29 Nach den Akten gewährte die Kommission im vorliegenden Fall der BSC die streitigen zusätzlichen Referenzen, um sie für die Umstrukturierungsbemühung der Schließung der Anlagen in Newport zu belohnen, die einen bedeutenden Kapazitätsabbau darstellte und nach dem Vorbringen der Kommission ohne diesen Anreiz nicht vorgenommen worden wäre. Aus dem Vorstehenden folgt jedoch, daß ein solcher Anreiz über die in Artikel 13 Nr. 4 vorgesehenen "notwendigen Anpassungen" hinausgeht.

30 Dieses Ergebnis wird durch einen Vergleich zwischen dem Aufbau der allgemeinen Entscheidung Nr. 3485/85/EGKS und dem der entsprechenden allgemeinen Entscheidungen für die vorhergehenden Jahre bestätigt. Die allgemeinen Entscheidungen für die Jahre 1983 und 1984 enthielten nämlich einen Artikel 14 b bzw. 14 B, der der Kommission die Befugnis verlieh, einem Unternehmen im Rahmen eines von ihr gebilligten Umstrukturierungsplans unter Beachtung bestimmter in diesem Artikel aufgeführter Bedingungen zusätzliche Quoten zu gewähren. Nach den Akten hatte die Kommission ursprünglich beabsichtigt, dieses Instrument des Anreizes zur Umstrukturierung von Unternehmen in der allgemeinen Entscheidung zur Verlängerung des Systems für das Jahr 1985 zu verstärken.
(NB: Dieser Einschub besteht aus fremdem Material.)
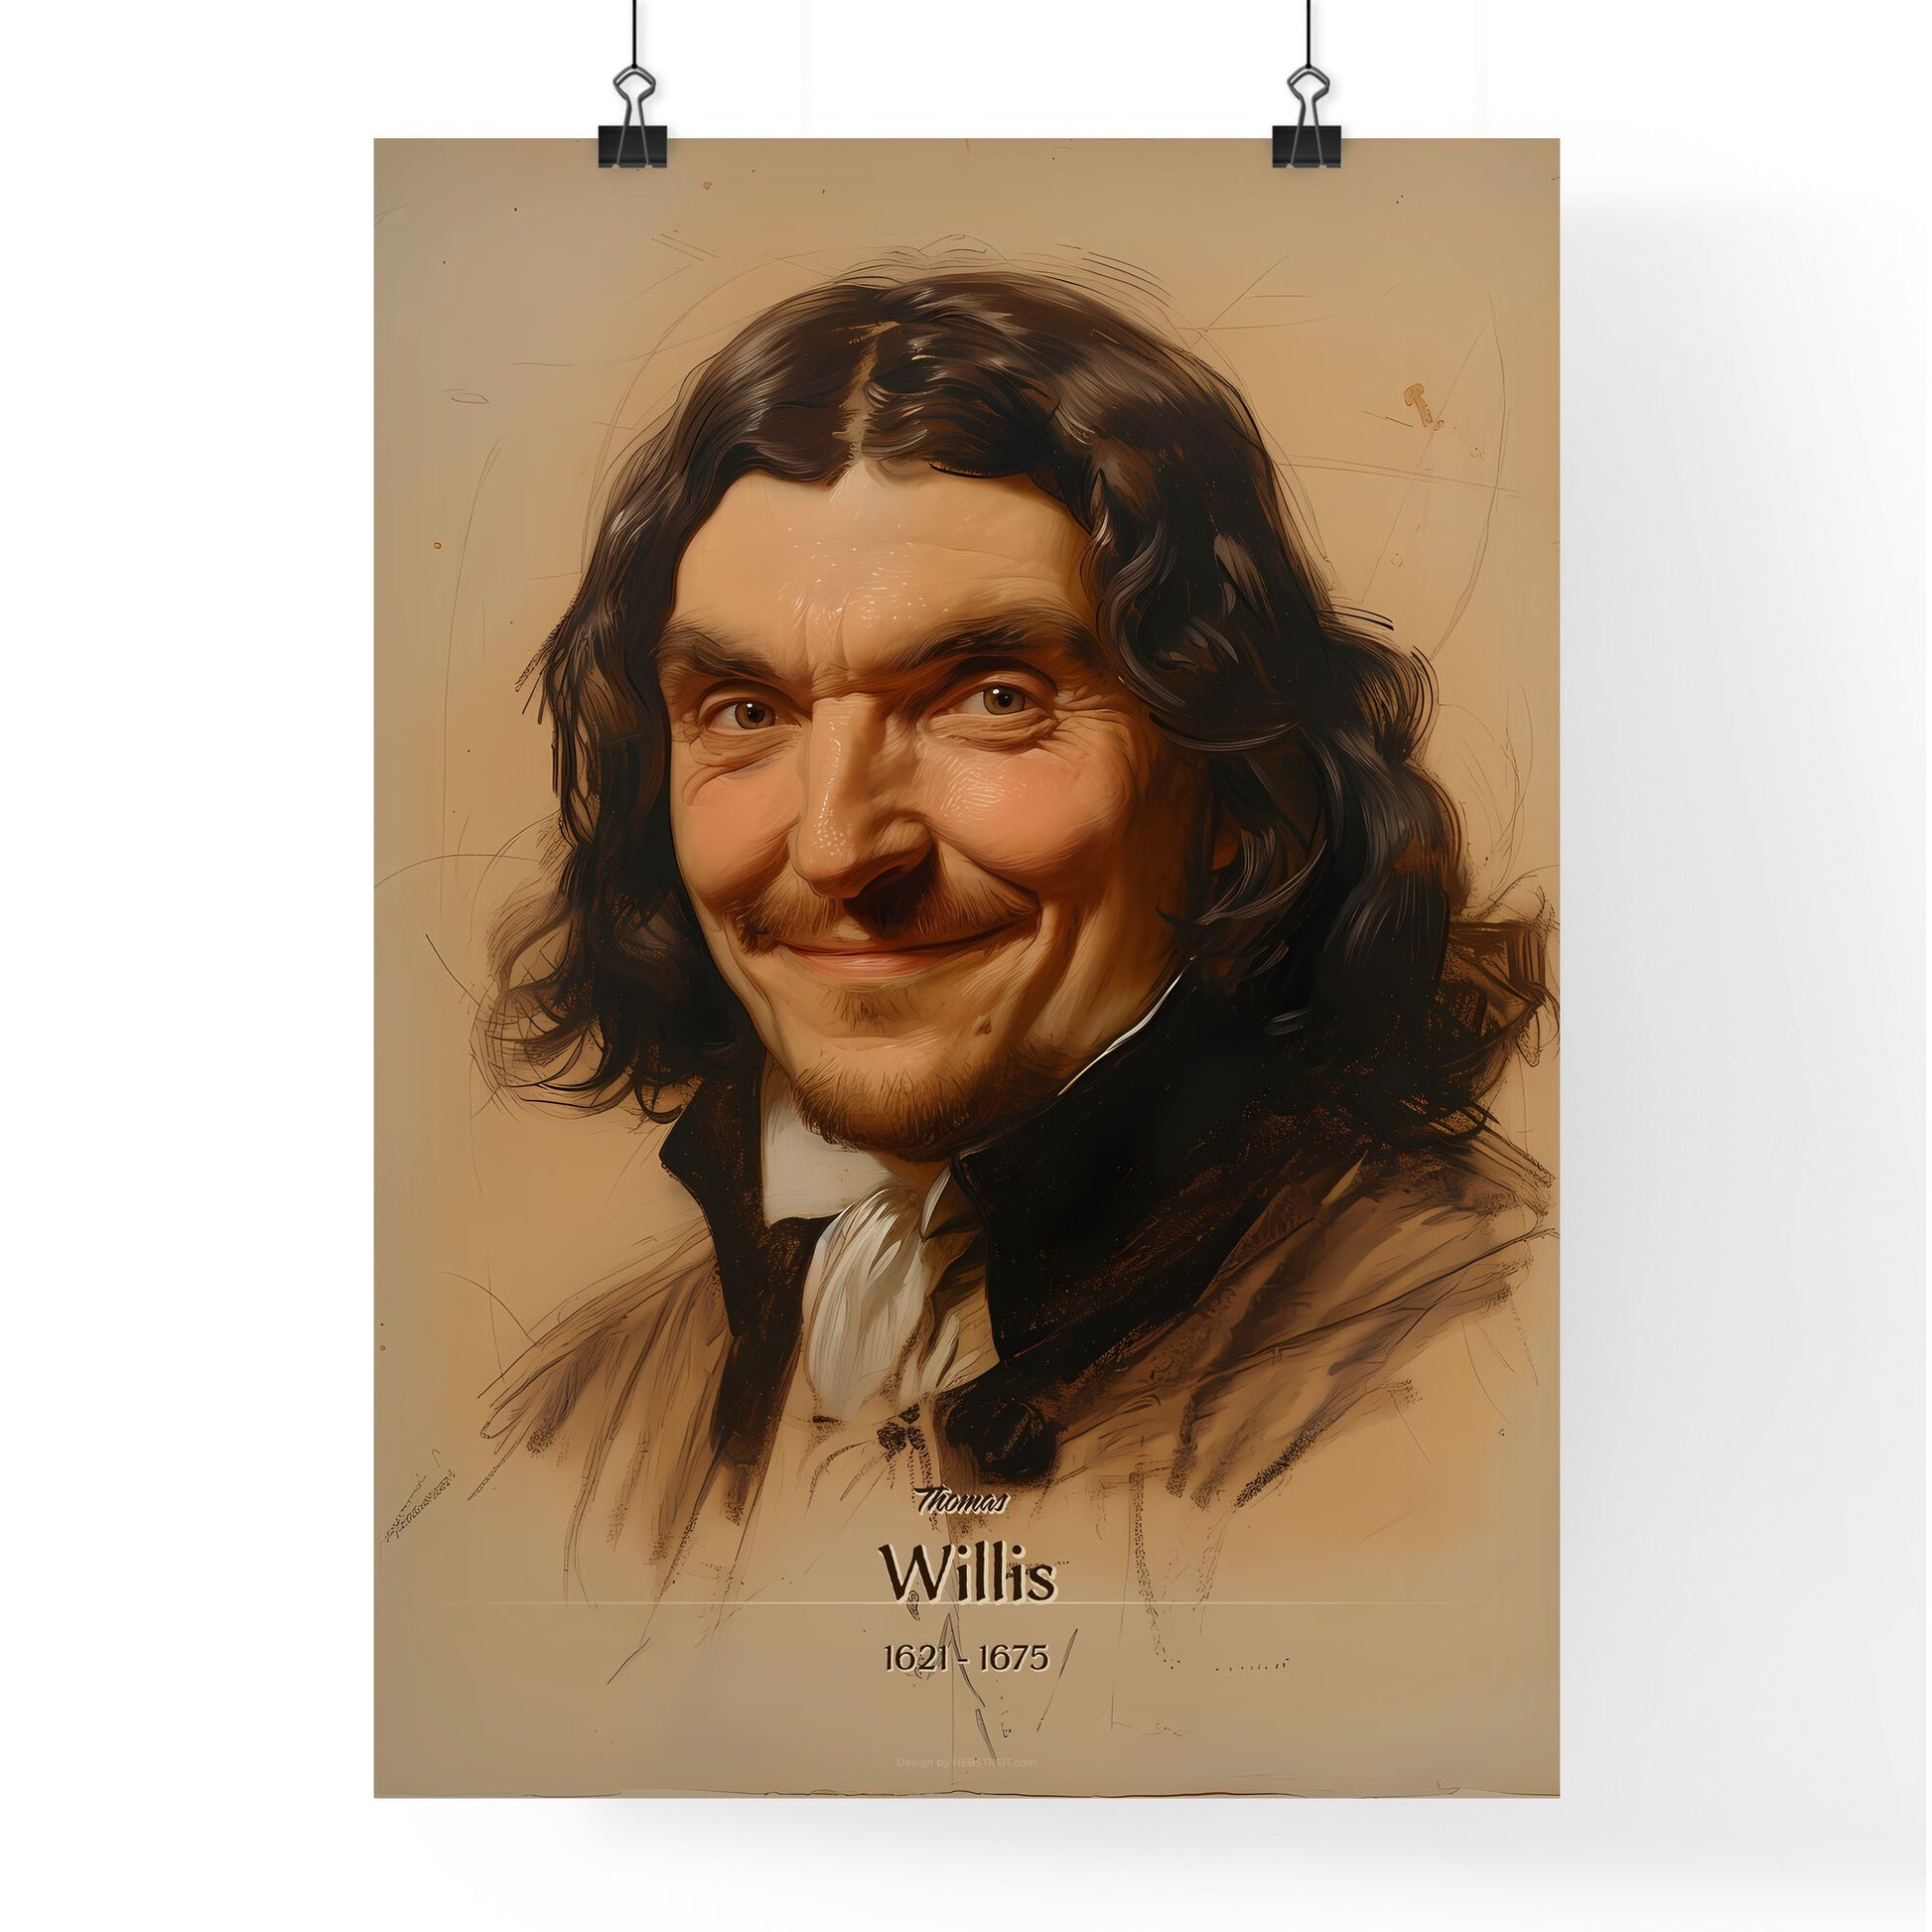 Thomas, Willis, 1621 - 1675, A Poster of a man with long hair smiling Default Title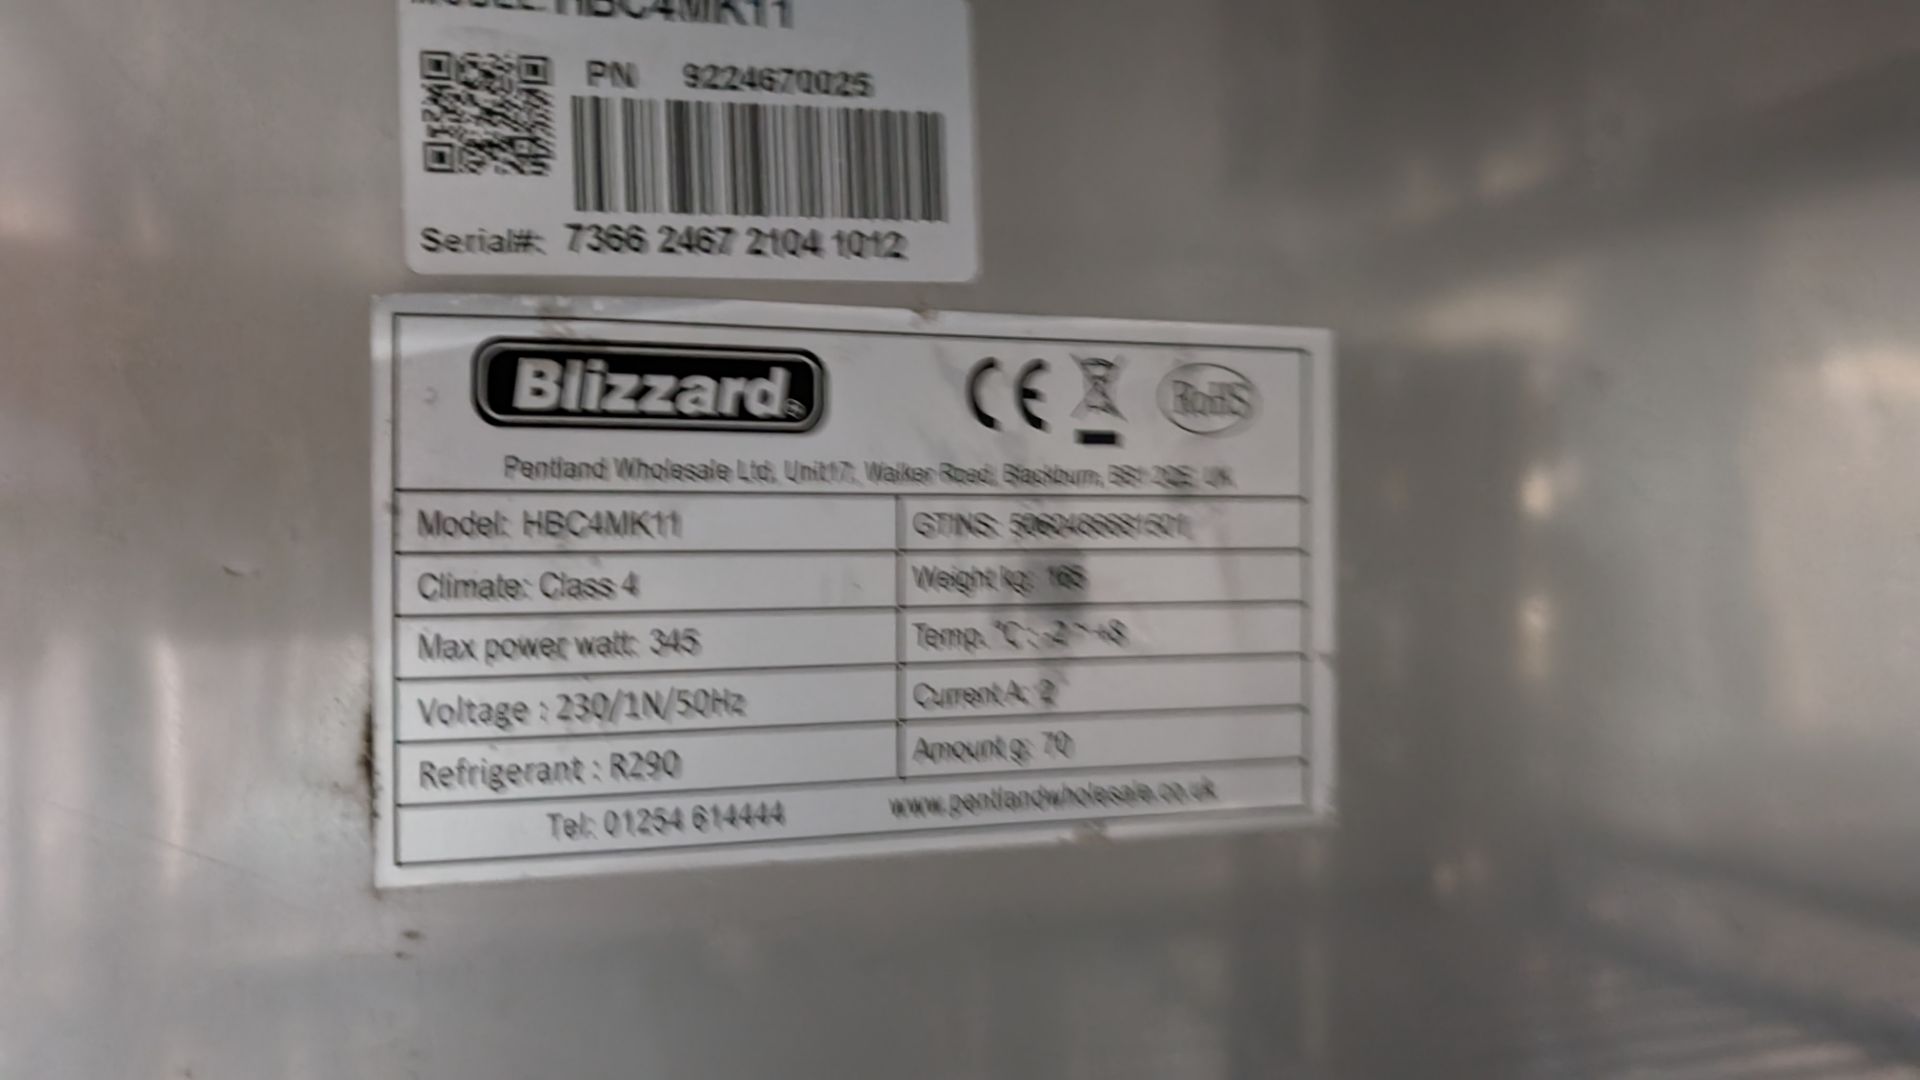 Blizzard stainless steel 4-door refrigerated prep cabinet - Image 6 of 7

Sie verzichtete jedoch wegen des Widerstandes, auf den sie insoweit im Rat stieß, auf dieses Vorhaben.

31 Deshalb kann Artikel 13 Nr. 4 der Entscheidung Nr. 3485/85 nicht dahin ausgelegt werden, daß er der Kommission allein für den Fall des Zusammenschlusses die Befugnis verleiht, zusätzliche Referenzen zu gewähren, um zur Schließung von Anlagen, mit der ein Kapazitätsabbau einhergeht, anzuspornen, obwohl sie selbst darauf verzichtet hat, sich eine besondere Rechtsgrundlage zu verschaffen, die ihr diese Befugnis in allgemeiner Form verliehen hätte.

32 Zwar steht es der Kommission frei, in Wahrnehmung ihrer Verantwortung für das Krisenmanagement im Stahlsektor eine Politik des Anreizes zur Umstrukturierung zu verfolgen, und zwar gegebenenfalls durch Gewährung zusätzlicher Referenzen als Belohnung für die Schließung von Anlagen, mit der ein Kapazitätsabbau einhergeht. Sie darf dies jedoch nicht durch Einzelfallentscheidungen tun, die in der einschlägigen allgemeinen Entscheidung keine Rechtsgrundlage haben.

33 Nach alledem ist die streitige Entscheidung, ohne daß die übrigen Klagegründe geprüft zu werden brauchten, aufzuheben, jedoch wegen der teilweisen Unzulässigkeit der Klage nur insoweit, als mit ihr der BSC zusätzliche Referenzen für die Erzeugnisse der Gruppe II gewährt werden.

Kostenentscheidung:

Kosten

34 Nach Artikel 69 § 2 der Verfahrensordnung hat die unterliegende Partei die Kosten zu tragen. Da die Kommission mit ihrem Vorbringen im wesentlichen unterlegen ist, sind ihr die Kosten des Verfahrens aufzuerlegen.

Tenor:

Aus diesen Gründen

hat

DER GERICHTSHOF ( Sechste Kammer )

für Recht erkannt und entschieden :

1 ) Die an die British Steel Corporation gerichtete Entscheidung Nr. SG ( 86 ) D/3794 der Kommission vom 26. März 1986 wird insoweit aufgehoben, als mit ihr der British Steel Corporation zusätzliche Produktionsreferenzen ( 161 500 t ) und Lieferreferenzen ( 128 100 t ) für die Erzeugnisgruppe II gewährt werden.

2 ) Im übrigen wird die Klage als unzulässig abgewiesen.

3 ) Die Kommission trägt die Kosten des Verfahrens.